上方落語を聴く旅 ~服部の大阪旅行記

月刊「シン・道楽亭コラム」 第6回

8月8日(金)

 大阪唯一の定席寄席が、天満天神繁昌亭です。朝・夜にも会が目白押しですが、昼は東京の寄席同様、365日営業しています。
 この日は夏休みならではの顔付で、路上の大道芸などで世界各国を巡られた笑福亭鶴笑師匠が主任でした。鶴笑師匠と言えば、パペット落語! 手作りのかわいい人形や小道具を手足に装着し、全身を使った落語に子供たちは歓声、大人たちは感嘆の声を上げて拍手を送ります。40分ほどの熱演に、大いに笑いつつも心打たれました。
 もう一人、色物の先生で亜空亜SHIN(アクアシン)さんもご紹介させてください。中国の変面とマジックを披露されたのですが、これがもう見事! ぜひ東京でもその芸を多くの方に知ってほしいと思います。

 開場前には、鶴笑師匠自ら客寄せをされていました。
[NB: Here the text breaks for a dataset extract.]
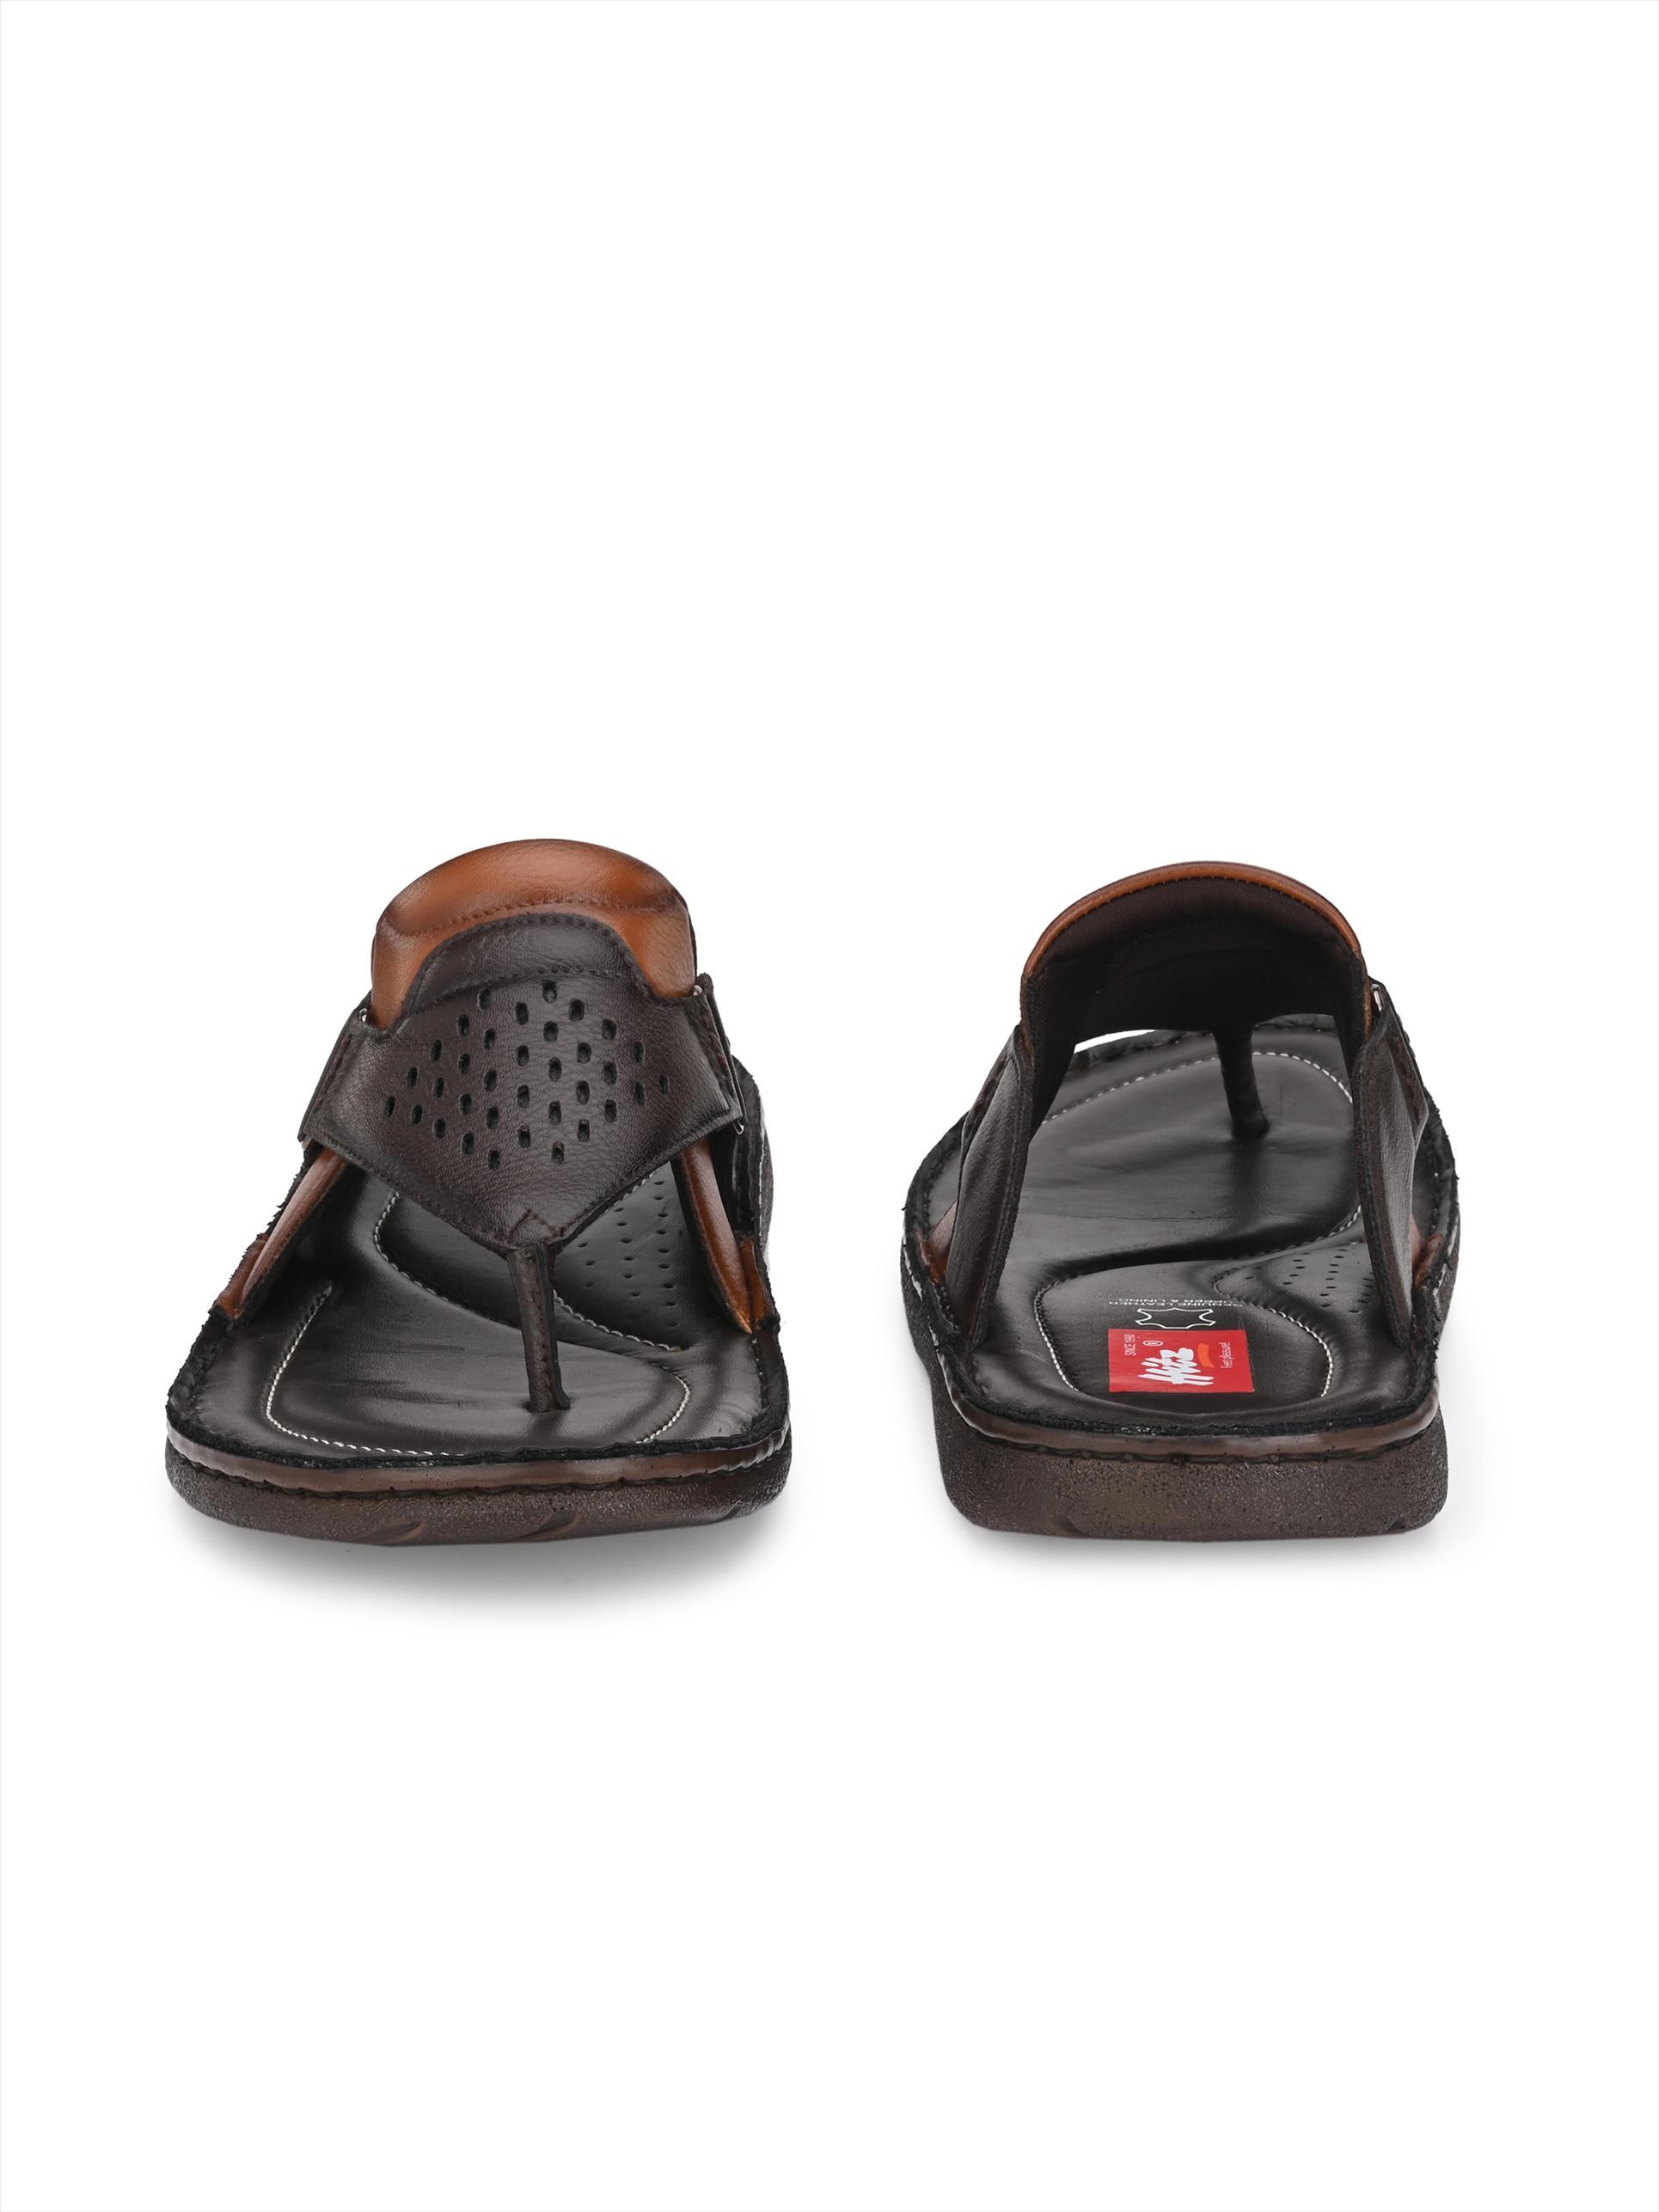 Hitz | Hitz Brown Daily Wear Slippers For Men

こうしたケースはさすがに珍しいものの、上方の師匠方は大御所でも終演後にお見送りしてくださるケースが大変多いです。気軽にお声掛けもできるのも、大阪らしくて好きです。
 最近の鶴笑師匠は、少し足を悪くされているようですが、それでも「困難なことがエネルギーになる」(師匠のXより引用)と、精力的に活躍されており、頭が下がります。